§ **Work instructions**: The listing below must be repeated word for word, without its pictures.

§ **Data segment**:
<<<<

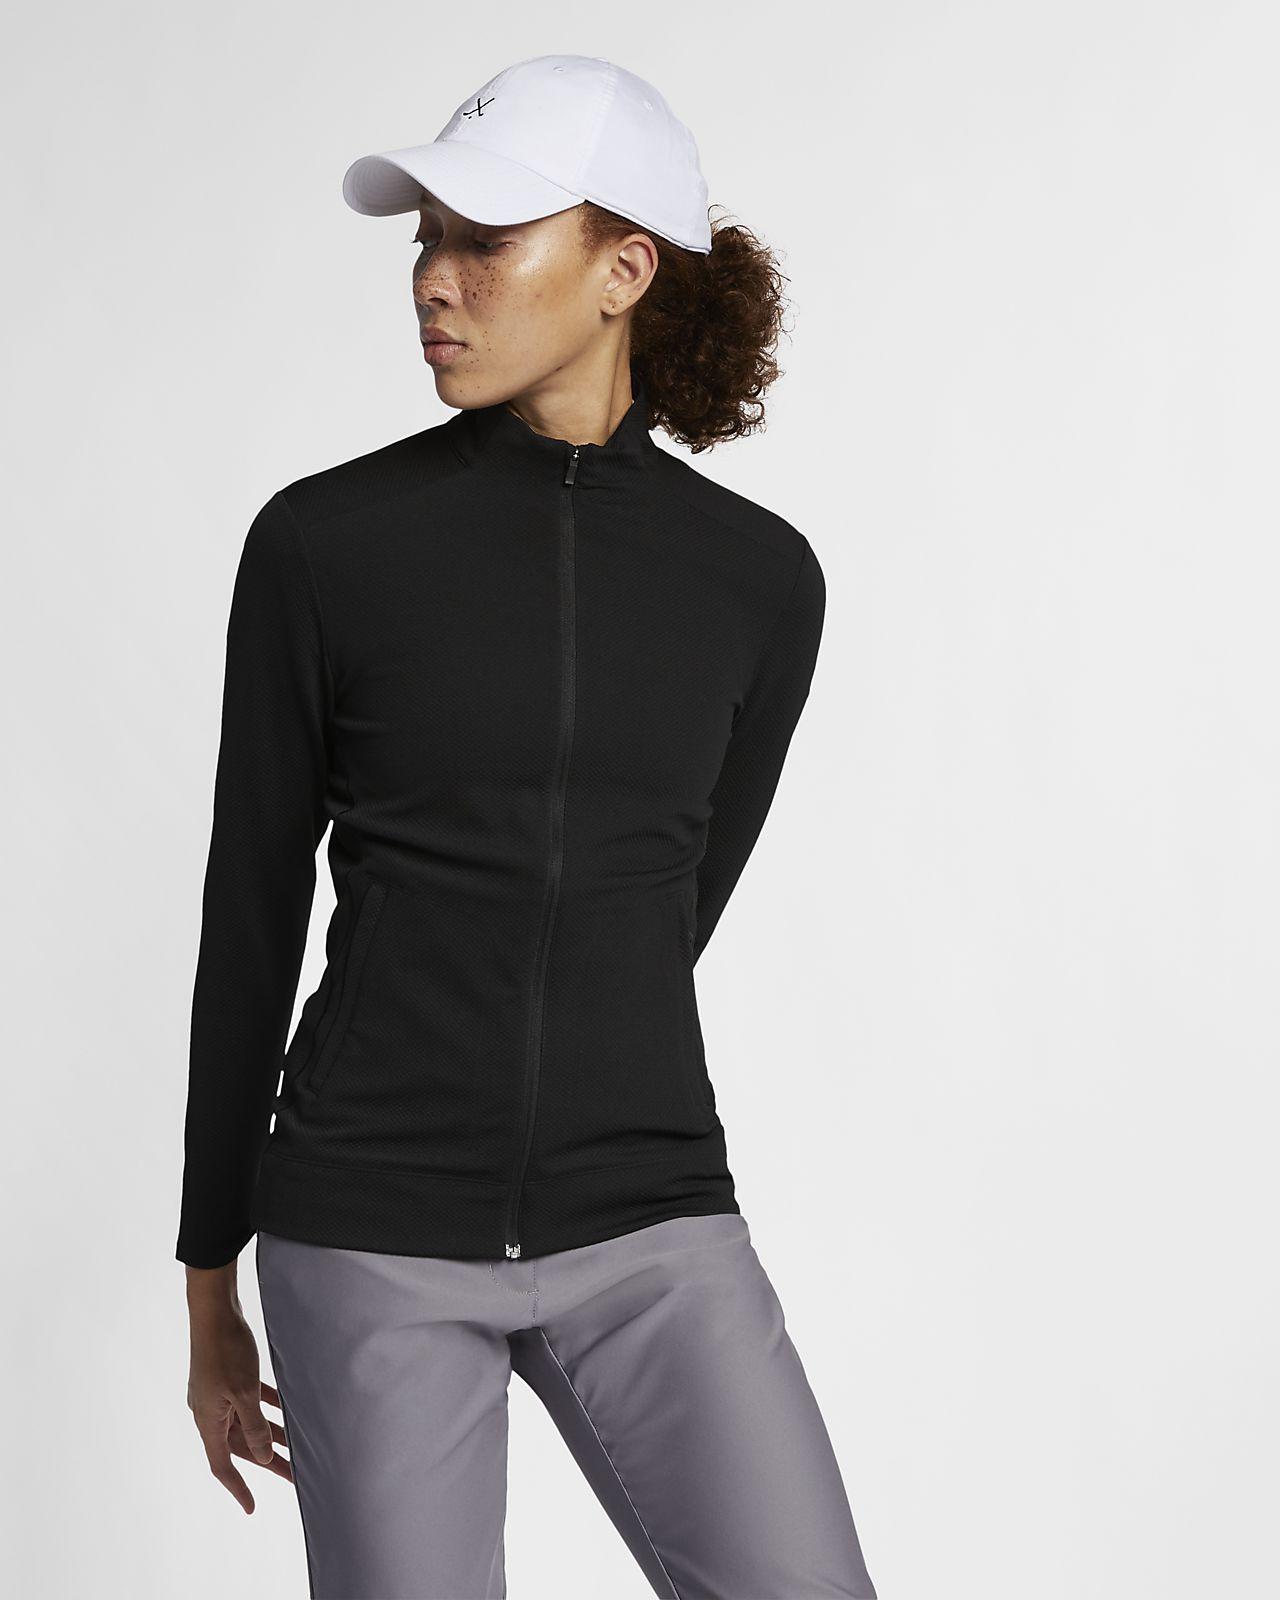 87b28a2b2cfa Nike Dri-FIT UV Women s Golf Jacket. Nike.com
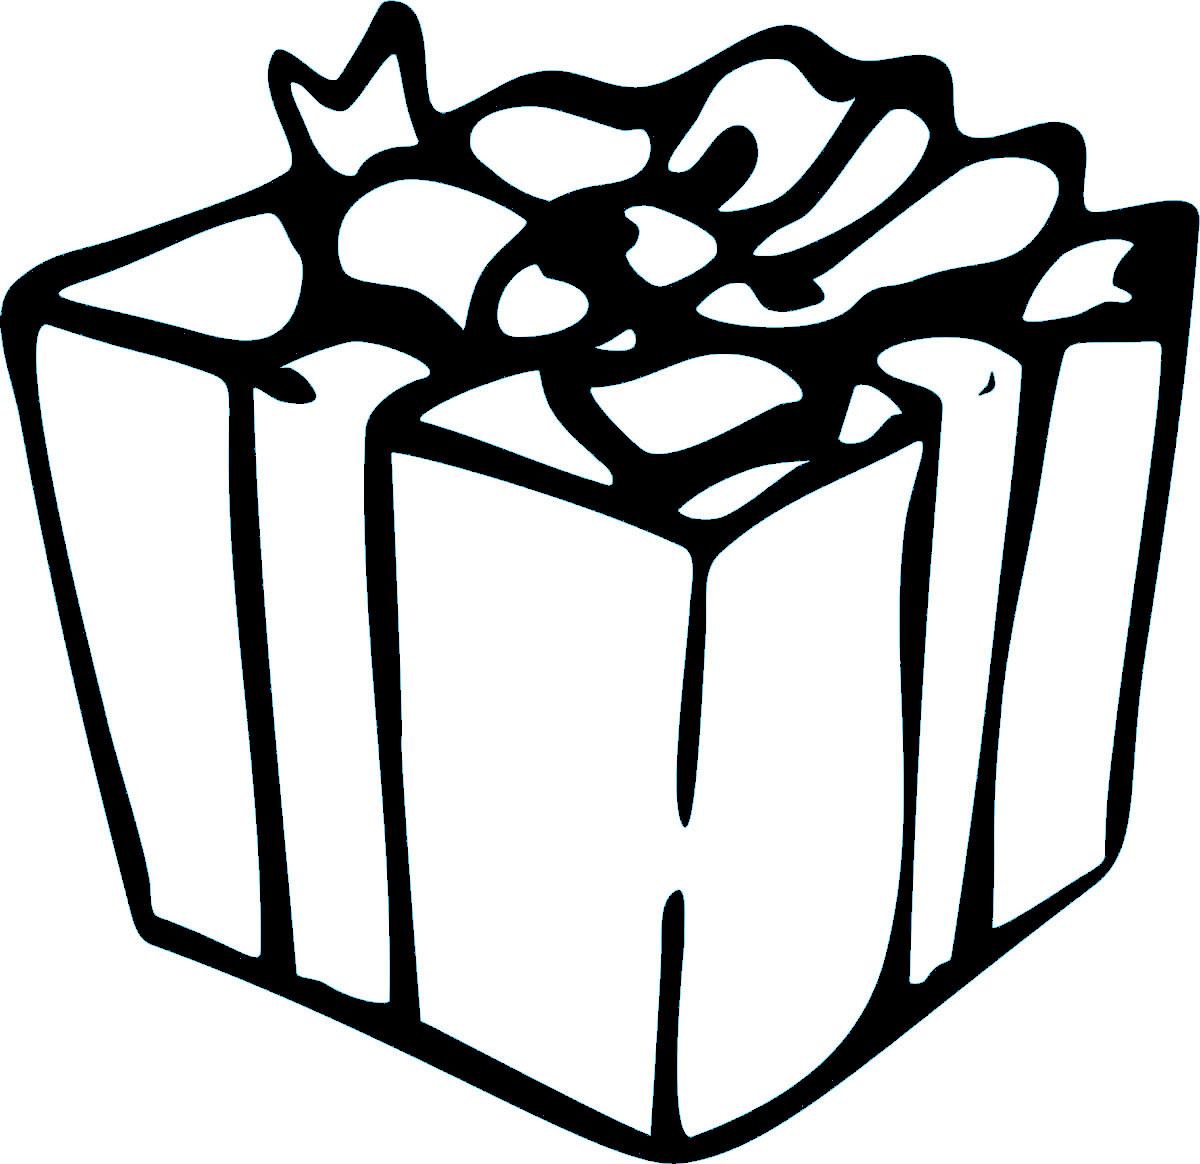 Наклейка автомобильная Оранжевый слоник Подарок в коробке, виниловая, цвет: черный150NG0007BОригинальная наклейка Оранжевый слоник Подарок в коробке изготовлена из высококачественной виниловой пленки, которая выполняет не только декоративную функцию, но и защищает кузов автомобиля от небольших механических повреждений, либо скрывает уже существующие.Виниловые наклейки на автомобиль - это не только красиво, но еще и быстро! Всего за несколько минут вы можете полностью преобразить свой автомобиль, сделать его ярким, необычным, особенным и неповторимым!
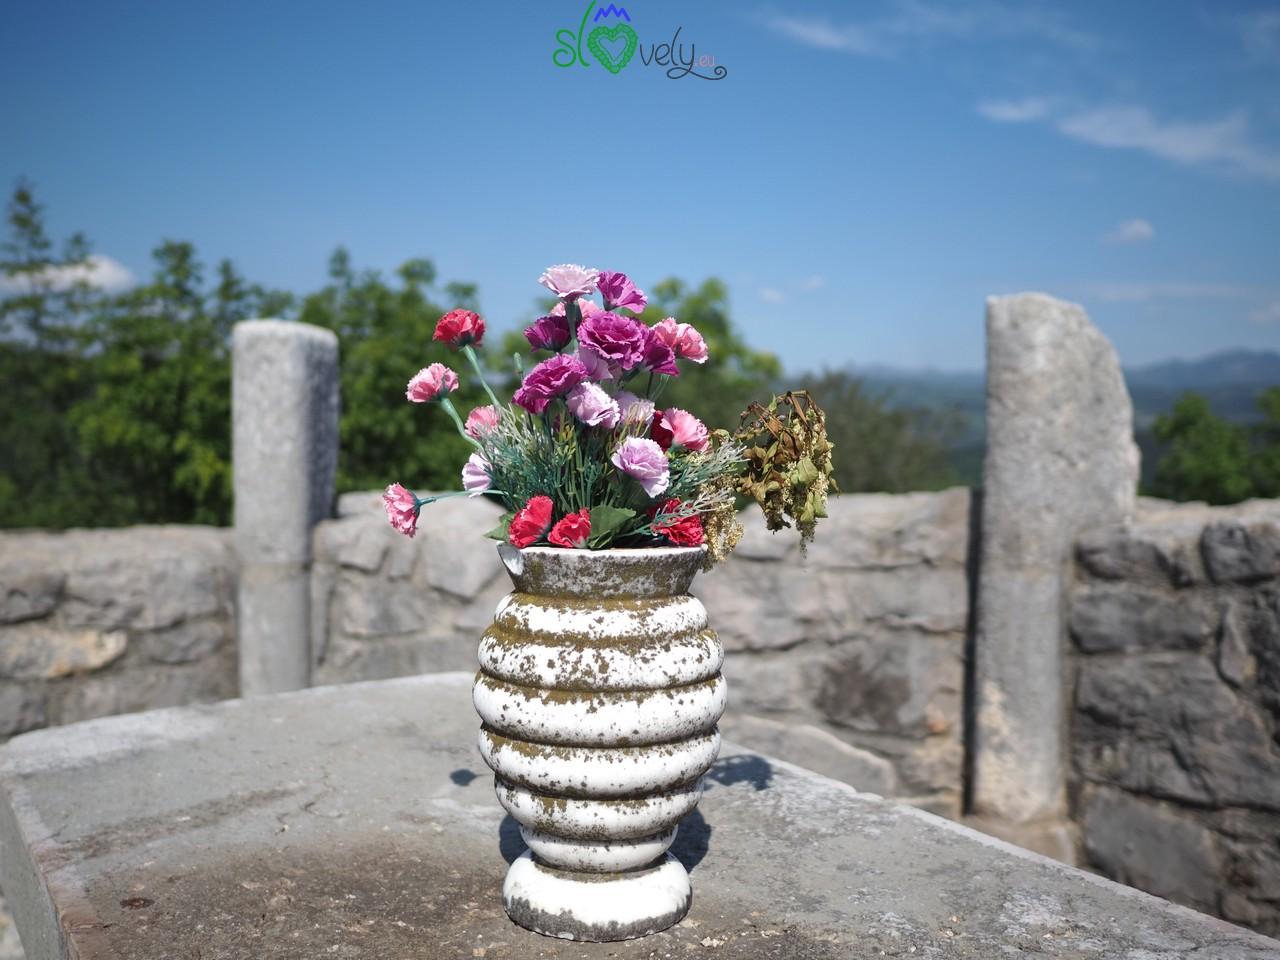 Un mazzo di fiori non manca mai sull'altare della chiesetta di San Valentino.
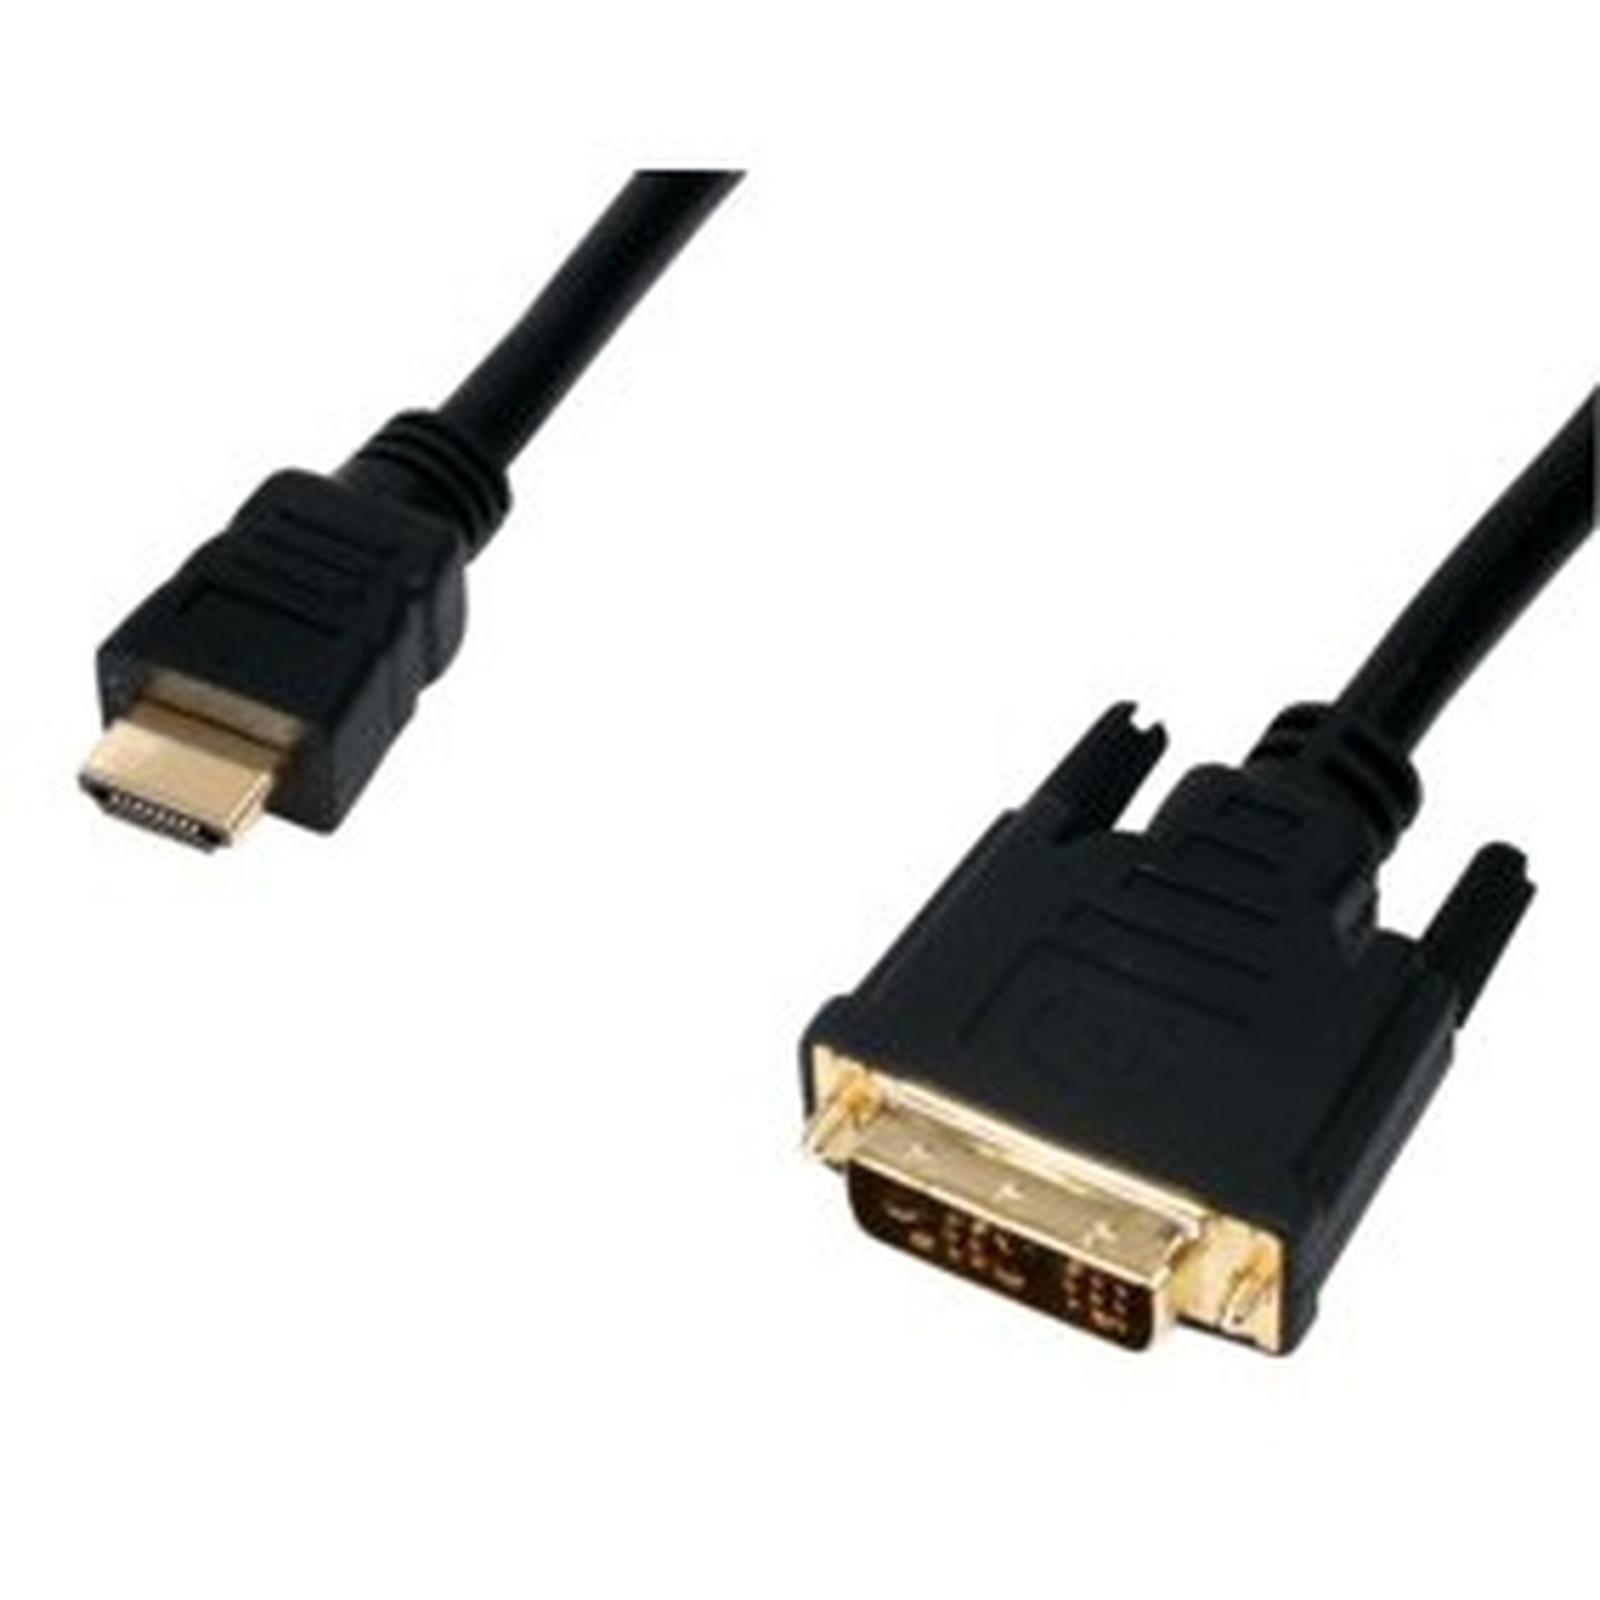 Cable DVI-D Single Link macho / HDMI macho (1,5 metros) chapado en oro

>>>>

§ **Solution below**:
 87b28a2b2cfa Nike Dri-FIT UV Women s Golf Jacket. Nike.com
 Наклейка автомобильная Оранжевый слоник Подарок в коробке, виниловая, цвет: черный150NG0007BОригинальная наклейка Оранжевый слоник Подарок в коробке изготовлена из высококачественной виниловой пленки, которая выполняет не только декоративную функцию, но и защищает кузов автомобиля от небольших механических повреждений, либо скрывает уже существующие.Виниловые наклейки на автомобиль - это не только красиво, но еще и быстро! Всего за несколько минут вы можете полностью преобразить свой автомобиль, сделать его ярким, необычным, особенным и неповторимым!
 Un mazzo di fiori non manca mai sull'altare della chiesetta di San Valentino.
 Cable DVI-D Single Link macho / HDMI macho (1,5 metros) chapado en oro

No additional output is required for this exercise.